BTX-A is a potent neurotoxin derived from the anaerobic bacterium Clostridium botulinum that inhibits presynaptic release of acetylcholine from motor neurons at the neuromuscular junction to induce flaccid paralysis of musculature. It has also been found to affect sensory responses of nerve afferent nerve fibers and likely has a complex multifactorial effect on the release of excitatory neurotransmitters. Because of this, injection of BTX-A into the detrusor muscle of the bladder has become a highly effective treatment option for OAB, first approved by the FDA in January 2013. Prior studies have demonstrated superior efficacy of intravesical BTX-A injections compared to anticholinergic medication and a greater reduction in urge urinary incontinence episodes than sacral neuromodulation.

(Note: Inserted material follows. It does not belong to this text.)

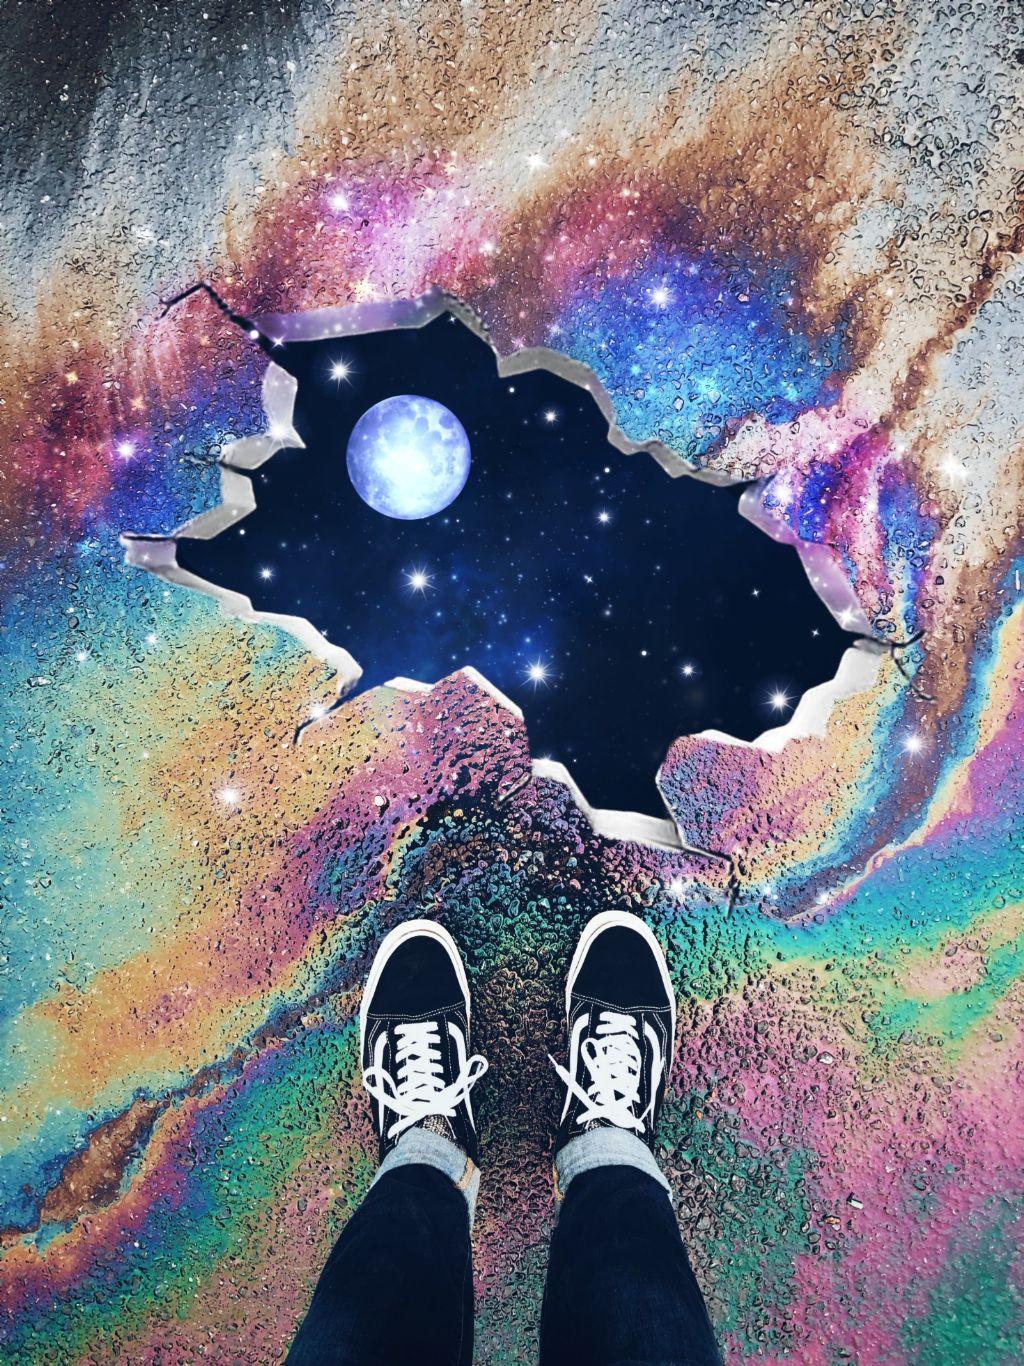 #freetoedit #universe #moon #colorful #madewithpicsart #surreal #dodgereffect #sparklelightbrush #galaxybrush

The effect of intravesical BTX-A is temporary due to turnover of presynaptic molecules. Typical chemodenervation of muscular tissue lasts 3 to 6 months based on histologic evidence, however this does not translate directly to duration of OAB symptom control given the gradual nature of neurotransmitter repletion. The largest prior trial of intravesical BTX-A demonstrated a median interval of 350 days between first and second injection, but other studies have shown a wide range of duration from 5 to 15 months. The current FDA recommendation for repeat injection is to be "considered when the clinical effect from the previous injection has diminished" with a median interval in their double-blinded placebo-controlled studies of 169 days.

Despite this recommendation, there is a wide variety in practice patterns for repeat injections, including the use of a "one size fits all" approach with standardized repeat injections at 6-month intervals. Combined with varying rates of tolerability and treatment failure, this has resulted in inconsistent data on continuation and dropout rates for repeat injections, with reported continuation rates of 20-60% in different studies. Additionally, no prior studies have reported whether repeat injection intervals have been provider- or patient-determined, nor with data on patient satisfaction ratings. Further studies are needed to better delineate optimal injection interval as well as incorporate data on what methods lead to the highest patient satisfaction and symptom control.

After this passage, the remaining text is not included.